This is pretty annoying. I want to just trigger an event in javascript. I need to pass the event object into the parameters as usual and an additional custom parameter.
You may create custom events http://jsfiddle.net/9eW6M/
HTML
<a href="#" id="button">click me</a>
JS
var button = document.getElementById("button");
button.addEventListener("custom-event", function(e) {
console.log("custom-event", e.detail);
});
button.addEventListener("click", function(e) {
var event = new CustomEvent("custom-event", {'detail': {
custom_info: 10,
custom_property: 20
}});
this.dispatchEvent(event);
});
Output after click on the link:
custom-event Object {custom_info: 10, custom_property: 20}
More information could be found here.
To create a simple event, use the Event
constructor.
var event = document.createEvent('MyEvent');
However, if you want to pass data along with the event use the CustomEvent
constructor instead.
var event = CustomEvent('MyEvent', { 'detail': 'Wow, my very own Event!' });
You can then raise the event with targetElement.dispatchEvent
.
var elem =document.getElementById('myElement');
elem.dispatchEvent(event);
elem.addEventListener('MyEvent', function (e) { console.log(e.detail); }, false);
You have to use the document.createEvent
function.
// Create the event.
var event = document.createEvent('Event');
// Define that the event name is 'build'.
event.initEvent('MyEvent', true, true);
//Any Element can dispatch the event
elem.dispatchEvent(event);
Note that this method is deprecated and should only be used for compatibility purposes.
More help : https://developer.mozilla.org/en-US/docs/Web/Guide/DOM/Events/Creating_and_triggering_events: MDN: Creating_and_triggering_events
the event object and an additional custom parameter
That's impossible with the native DOM methods.
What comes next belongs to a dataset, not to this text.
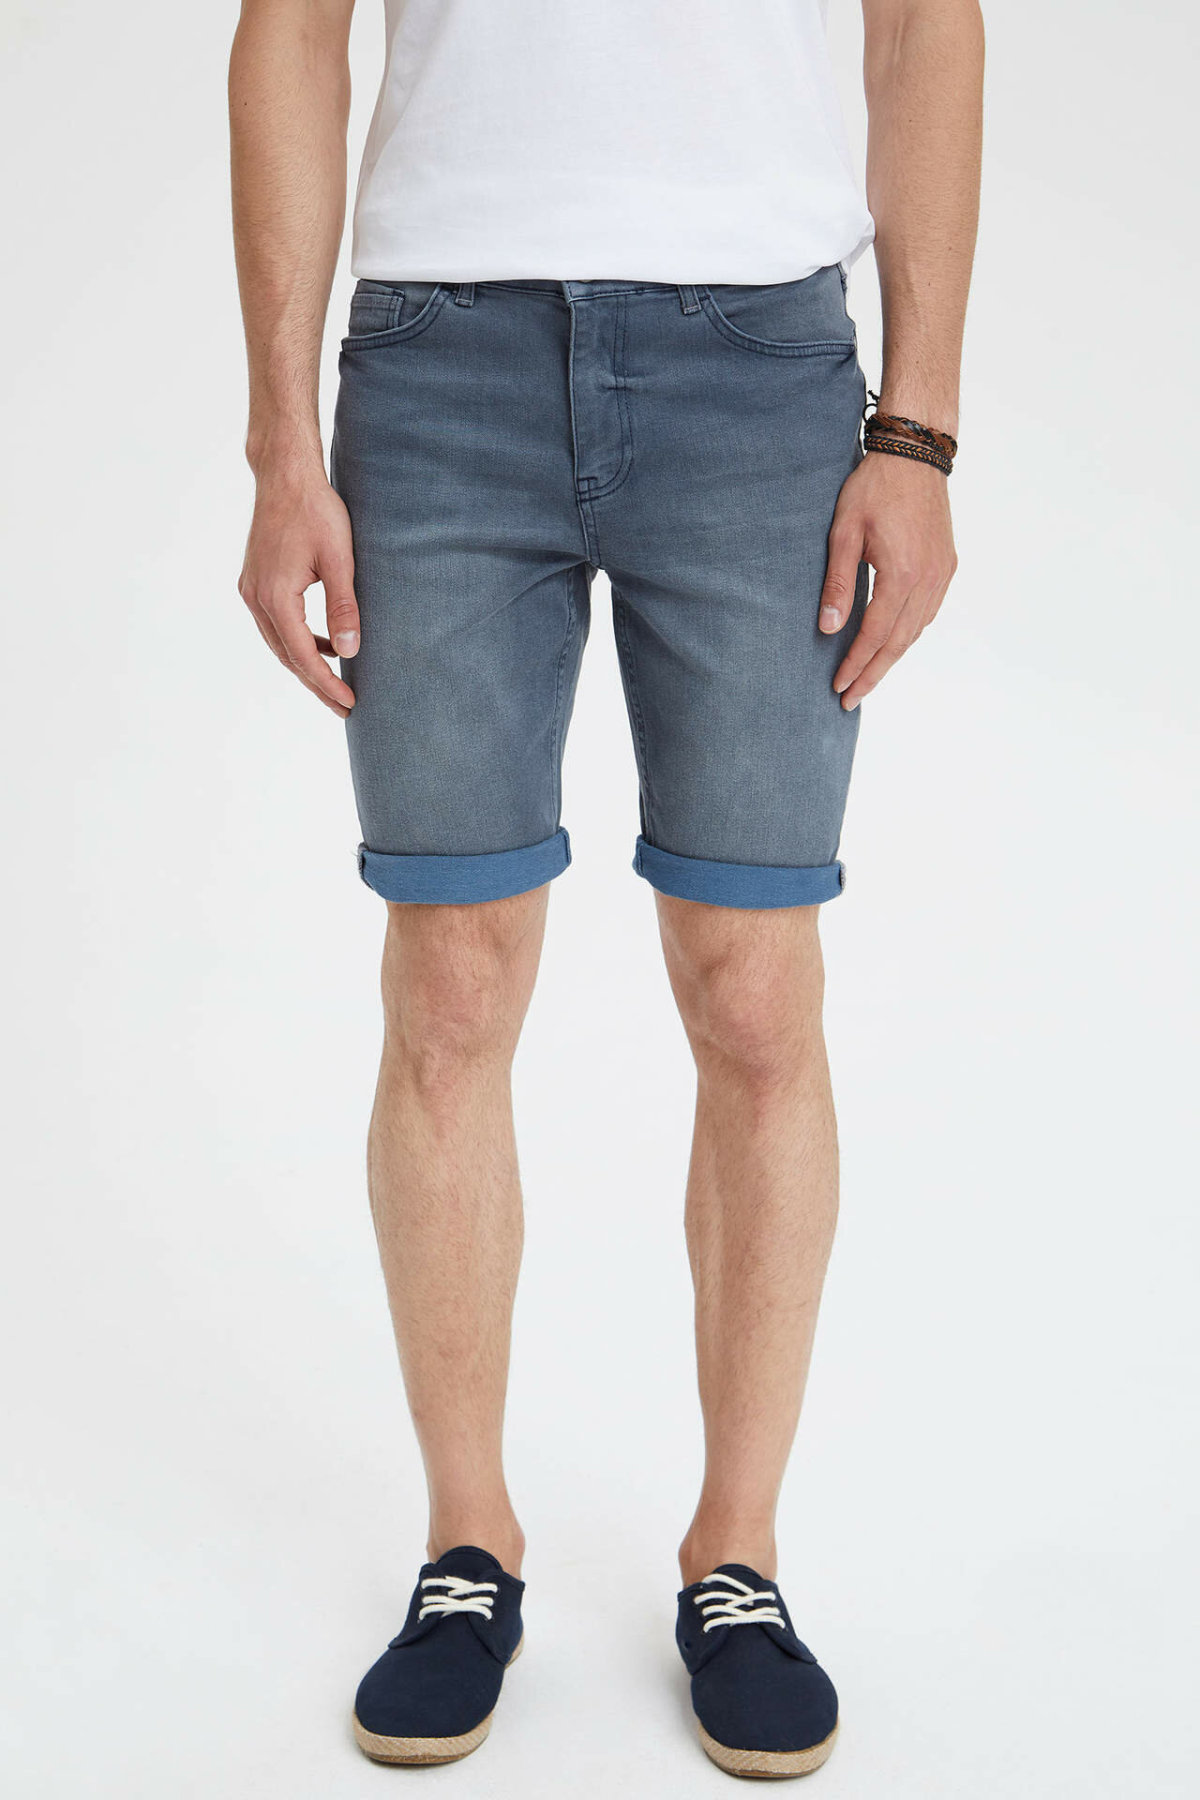 DeFacto Man Summer Denim Shorts Men Casual Fit Slim Blue Denim Jeans Male Bermuda Mid-waist Shorts-L0192AZ19SM

Handlers are called with only one argument, which is the event object. So if there is any data you need to pass along, you need to make it a (custom) property of your event object. You might use the DOM4 CustomEvent constructor for that (see the MDN docs for a cross-browser shim).
Then use dispatchEvent as you would normally with (custom or native) script-triggered events. For IE below 9, you seem to need to use fireEvent.